Asexual reproduction is accomplished on a cellular level through the process of mitosis. In the mitotic cell cycle, chromatids are replicated as precise chemical duplicates during the S period of interphase and then during mitosis one chromatid from each double stranded chromosome is distributed to each daughter cell. Thus, the mitotic cell division acts to insure that both daughter cells produced by the division contain sets of chromosomes — and thus sets of hereditary material — that are exactly equivalent to the set contained in the original dividing cell. Because mitosis does not change the genetic content of a cell, any cell can undergo mitosis, whether it is haploid, diploid, or some other ploid (cf. Chapter **).

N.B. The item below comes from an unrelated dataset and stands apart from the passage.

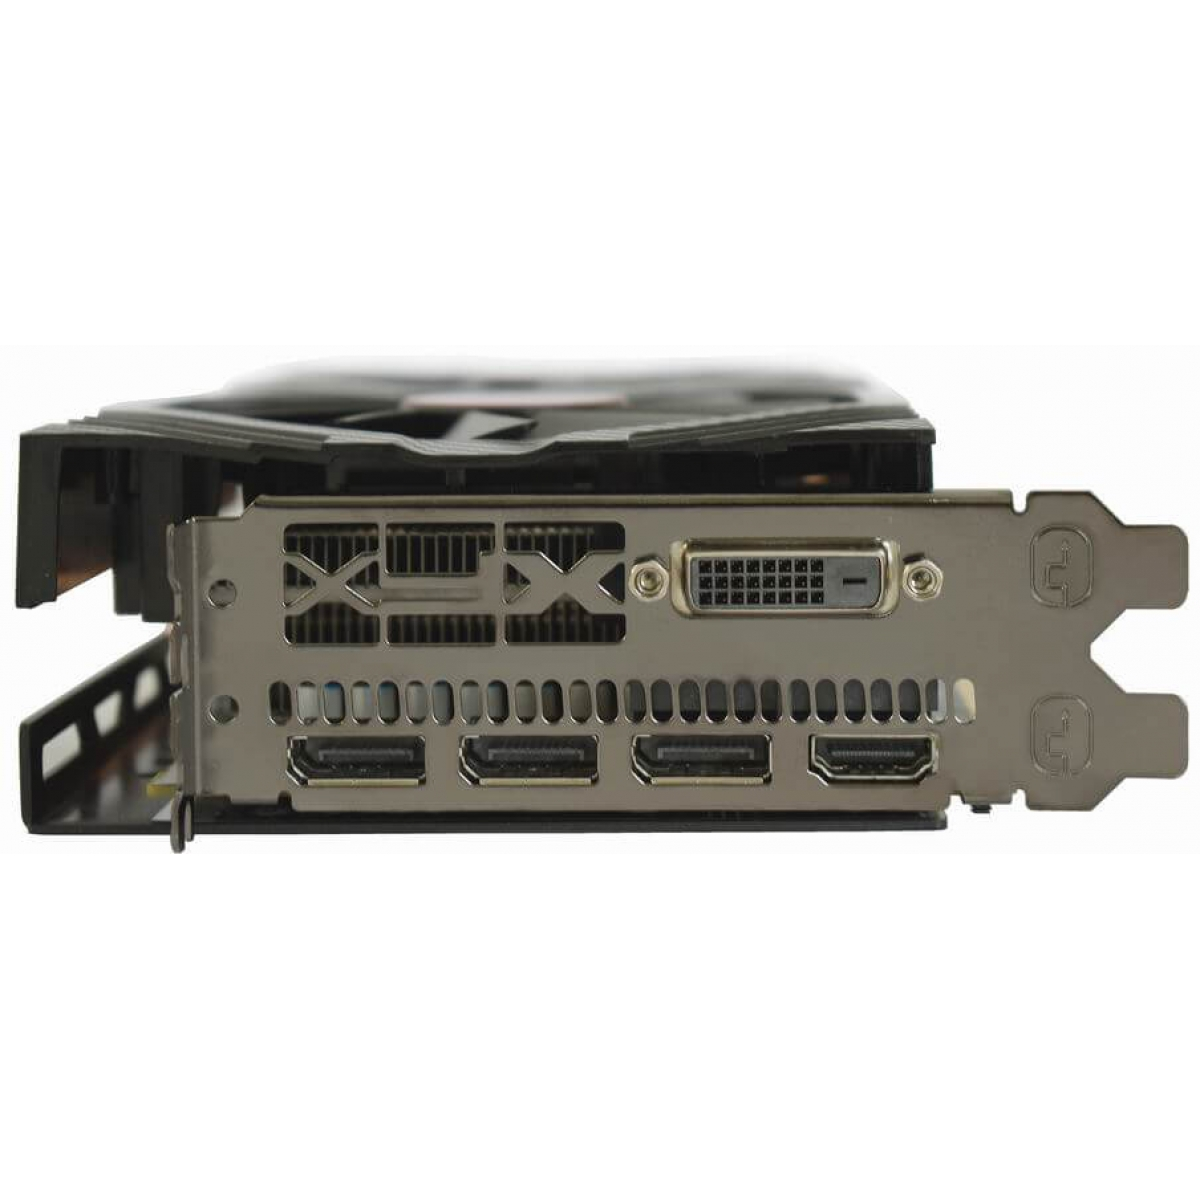 Placa de Vídeo XFX Radeon RX 590 Fatboy Dual OC+, 8GB GDDR5, 256Bit, RX-590P8DFD6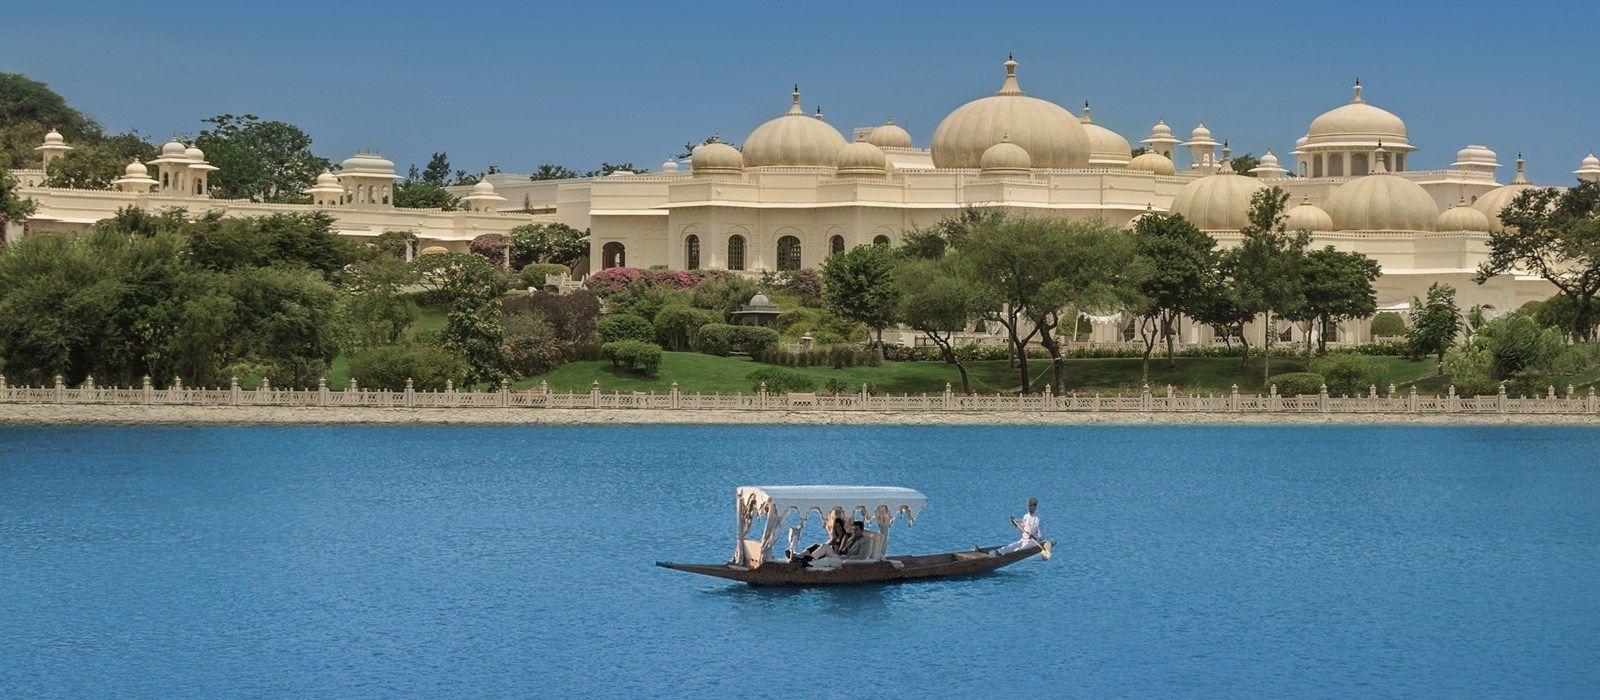 Oberoi Exklusiv: Royales Rajasthan und Safari Abenteuer Urlaub 7

Sexual reproduction involves the pooling of genetic information from two individuals through the fusion of two cells in fertilization. If fertilization is to occur at some point in an organism's life cycle, and if the number of chromosomes in the cells of individuals of that species is to remain constant from generation to generation, meiosis must occur at some other point in the organism's life cycle. In the first division of the meiotic cell cycle, homologous pairs of double stranded chromosomes pair with each other and then disjoin from each other without undergoing centromeric division. In the second division, the centromeres divide so that each daughter cell receives one chromatid from each double stranded chromosome. Thus, the meiotic cell cycle acts to insure that each of the four products of meiosis receives precisely one single stranded chromosome from each pair of double stranded homologous chromosomes that were contained in the original cell at the beginning of meiosis. Thus, each product of meiosis receives a precisely partitioned set of chromosomes containing exactly half as many chromosomes as contained in the pre meiotic cell. Because meiosis does change the genetic content of a cell through the pairing and disjunction of homologous chromosomes, it can occur only in cells that are in fact carrying homologous pairs of chromosomes — i.e., in cells that are diploid.

A comparison of the process of mitosis with the combined processes of meiosis and fertilization (Figure 3.11) shows that ultimately both act to maintain karyotypic stability in the cells of a given species. For example, as Figure 3.11 shows, if we start with a diploid cell in G2 that has two metacentric and two acrocentric chromosomes and follow it through mitosis until its daughter cells have completed their own G2, we see that the daughter cells also have sets of chromosomes containing two metacentric and two acrocentric chromosomes. Similarly, if we start with the same diploid cell in G2 and follow it through meiosis and then follow the products of meiosis through fertilization and finally follow the zygote through S and into G2 we see that the zygote produced also carries a set of chromosomes that have two metacentric and two acrocentric chromosomes. Thus, karyotypic stability is maintained.

Because (as we shall see in Chapter 7) the alleles for a given gene are carried at specific locations on specific homologous pairs of chromosomes, this maintenance of karyotypic stability also serves to maintain a balanced set of genetic information in the members of the species. That is, it serves to insure that each gamete carries one and only one allele for every locus and that each zygote receive two and only two alleles for each locus.